# Brompton M bar adjustment



## nz6666 (2 Mar 2016)

Can't decide between a S bar and M bar. S bar a little low for me while M a little too close to my body. Can i just pivot the M bar a little forward to increase reach and lower the bar at the same time? Will that affect the folding?


----------



## robgul (2 Mar 2016)

Moving the M bar WILL affect the folding - Bromptons (and some other folders) are great machines - but you just have to accept there are compromises to be made.

Rob


----------



## Kell (2 Mar 2016)

The bars will go forward slightly - and by slightly I mean about 1cm.

I tried this when I had one on hire, more to make the bike longer rather than drop the bars. And the bars then don't clip in when folded.

At the risk of continually repeating myself, I had exactly the same problem and ended up buying an H type (same stem height as S type, but with M bars) and removing the bars and fitting some riser bars. You can also do this to an S type.

The reason I went for an H type as a starting point is that the fold is ever so slightly higher and I was worried that the bar ends might catch the floor otherwise. Plus there can be a concern that if you do fit risers then the cables will be too short. And I figured it would be easier to shorten existing cables than to have to buy new, longer ones.

It's certainly an option worth looking in to.


----------



## Kell (2 Mar 2016)

Have a look at this thread for measurements...

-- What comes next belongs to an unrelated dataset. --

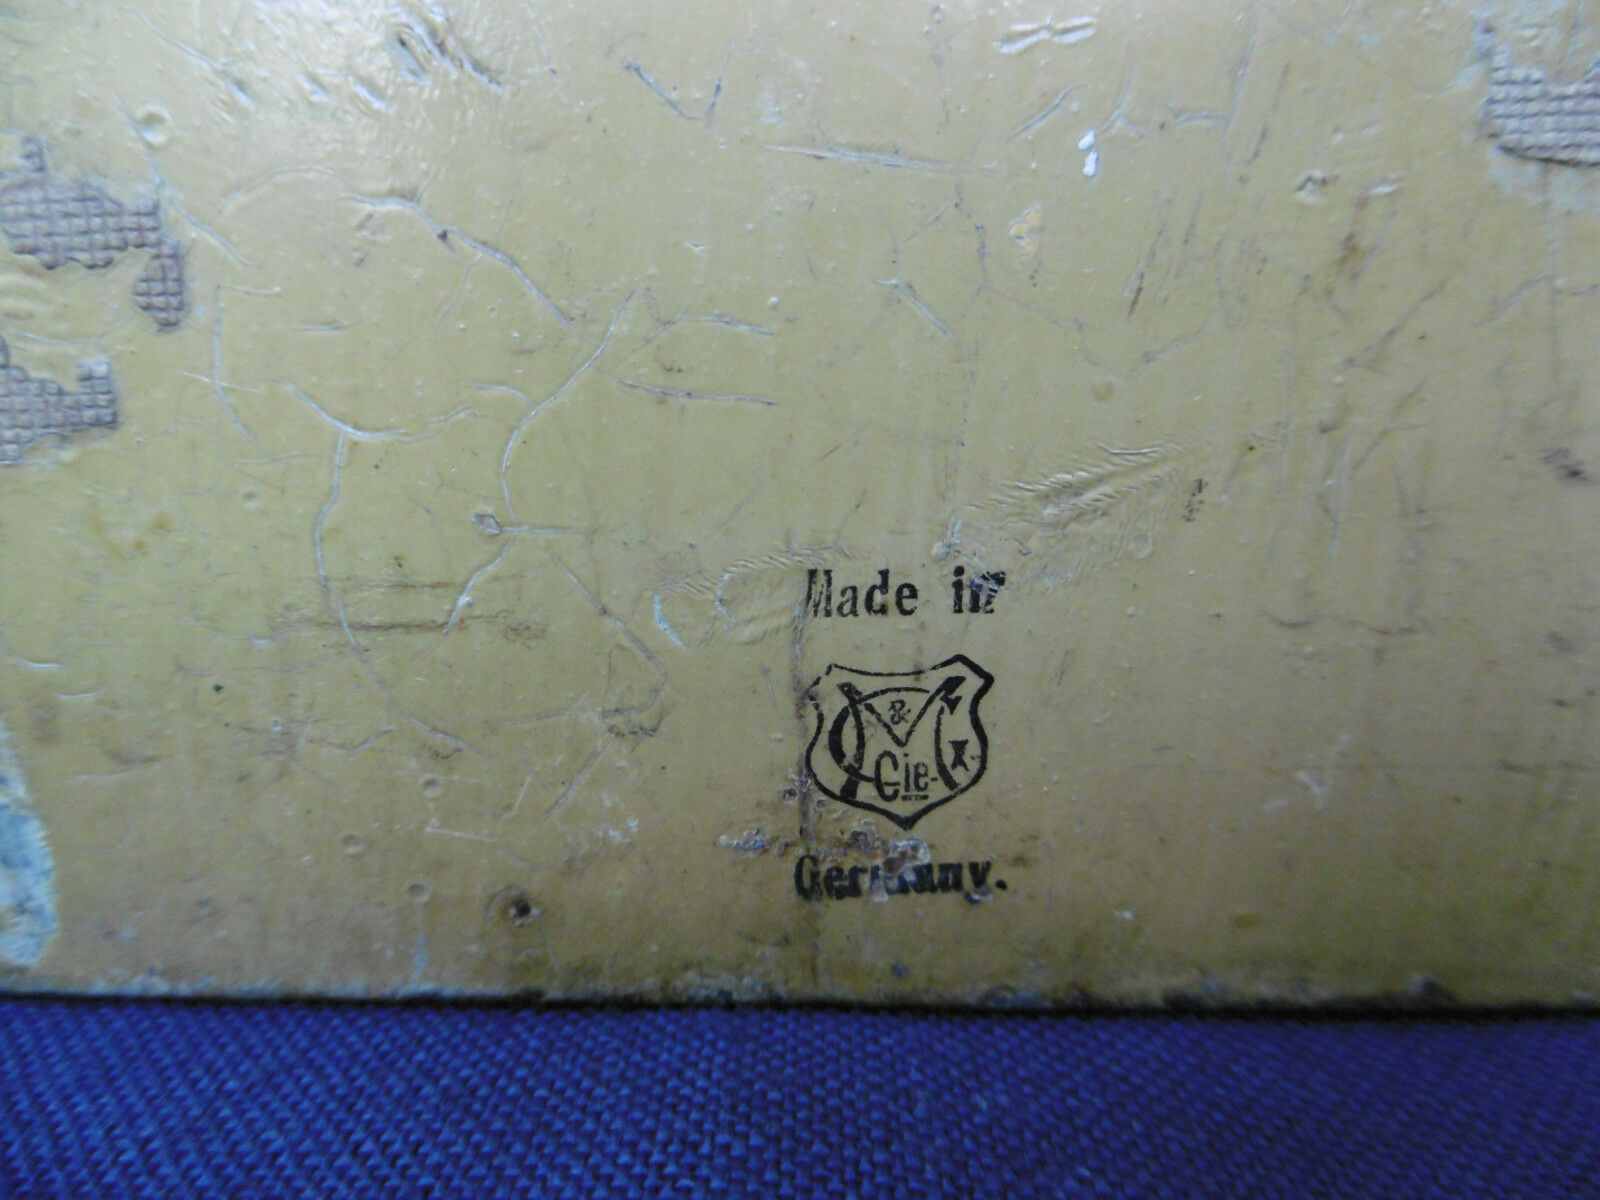 TRES RARE JOUET ANCIEN - LAVABO LAVABO LAVABO EN PORCELAINE MIROIR BIZEAUTE TOLE FAB ALLEMANDE fd17a5

https://www.cyclechat.net/threads/brompton-bar-type-can-someone-measure-for-me.196349/#post-4166611


----------



## nz6666 (2 Mar 2016)

Kell said:


> Have a look at this thread for measurements...
> 
> https://www.cyclechat.net/threads/brompton-bar-type-can-someone-measure-for-me.196349/#post-4166611



Thanks Kell, that's also me in that link  Thanks again.


----------



## Kell (2 Mar 2016)

Ah. I didn't see the two threads together.

D'oh.


----------